Last week it became known that the company GrayShift claimed it had developed a device that could be used to unlock the latest iPhones. Little was known about the device, but Malwarebytes received information from an anonymous source which it shares on its website.
The device is called the GrayKey and it’s a small box with two Lightning cables sticking out of the front. It’s possible to connect two iPhones at once. The smartphones have to be connected to the GrayKey for 2 minutes, after which they have to be disconnected. At that moment the phone isn’t cracked yet. Some time later, the phones will display a black screen with the passcode and some other information.
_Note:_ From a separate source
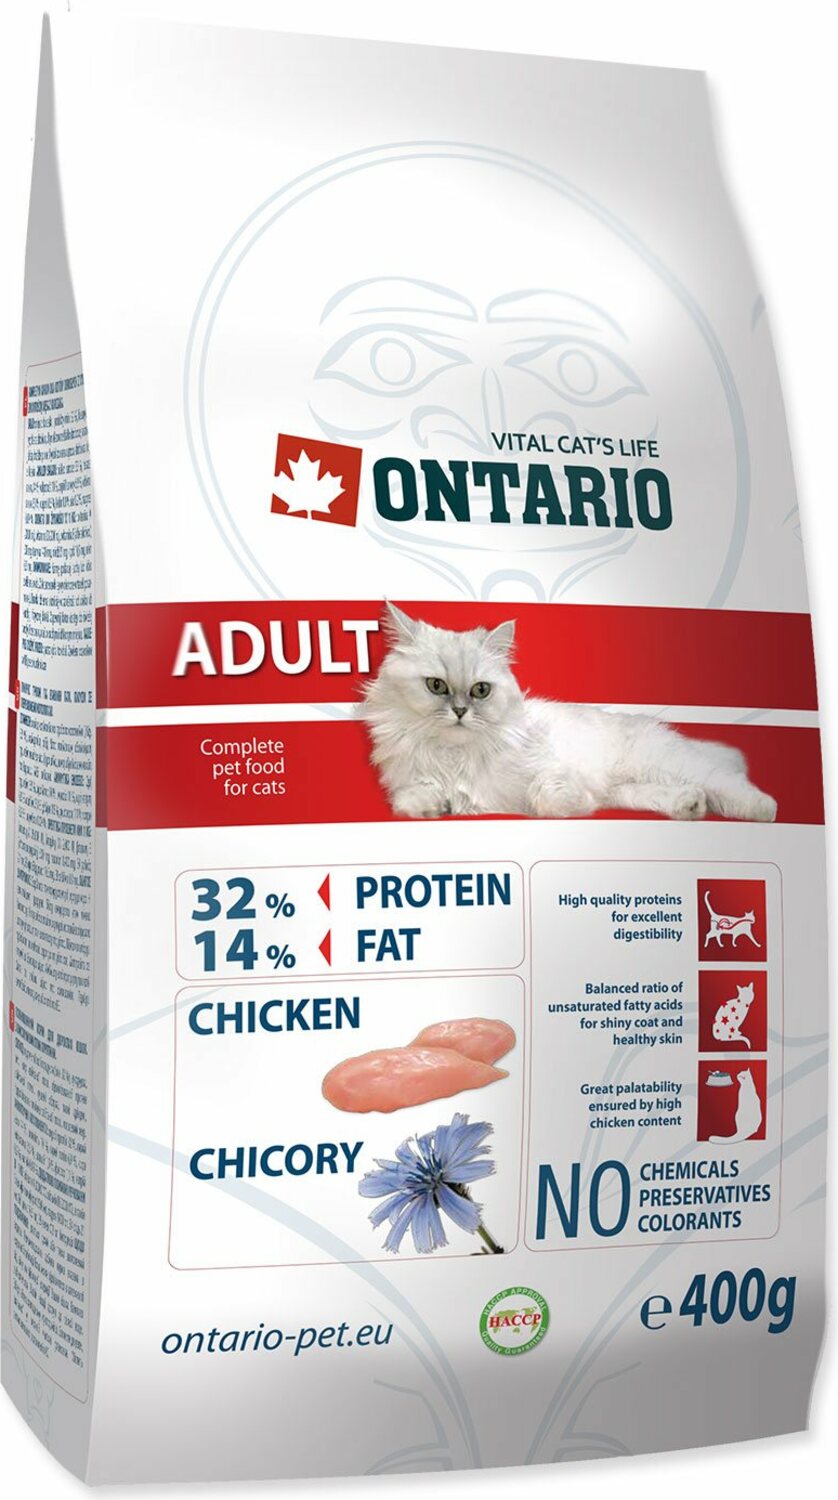 Krmivo Ontario Adult 0,4kg

According to Malwarebytes, it can take two hours but also three days or even longer to get the passcode from the phone, depending on the length of the passcode. Even disabled iPhones can be unlocked with the method. After the phone is unlocked, the contents of the file system are downloaded to the GrayKey device. From there the files can be analyzed through a web-based interface on a connected computer. The full, unencrypted content of the key chain can also be downloaded.
A screenshot on the Malwarebytes website indicates that the GrayKey works with iOS 11.2.5, which is likely the latest iOS version at the time the screenshot was made. According to Forbes, the GrayKey can also unlock iPhones running iOS 10, and support for iOS 9 should be added later. In practice this means that even the latest iPhones, such as the iPhone 8 and iPhone X are not safe for the device.
GrayShift sells two different versions of the GrayKey, the first option costs $15,000 and only works with an internet connection and is limited to the network where it connects the first time. It can’t connect from other networks and is limited to 300 unlocks. The second option costs $30,000, doesn’t require an internet connection and can be used unlimited times.
The company that develops the device, GrayShift, appears to be run intelligence agency contractors from the United States and an ex-Apple security engineer.
It’s unknown what vulnerabilities the GrayShift has found and which are used in the GrayKey. Because the time it takes to retrieve the passkey differs from hours to days, it could be that the tool is brute-forcing the passcode. This means it does repeated guesses until the passcode is found. Normally this is not possible, unless the company has access to the ‘Apple Secure Enclave’, as a security researcher explains to Forbes.
The Secure Enclave is an isolated chip that handles the encryption key on the iPhone. The chip increases the time a new passkey can be guessed based on the number of wrong guesses, after the 9th attempt, an hour has to be waited until the chip accepts a new guess. If that process is broken, it’s possible to guess thousands of passcodes per second. The GrayKey would then continue to guess passcodes till it finds the right one.
Apple hasn’t responded to the new hack, but advises users to keep their OS up-to-date.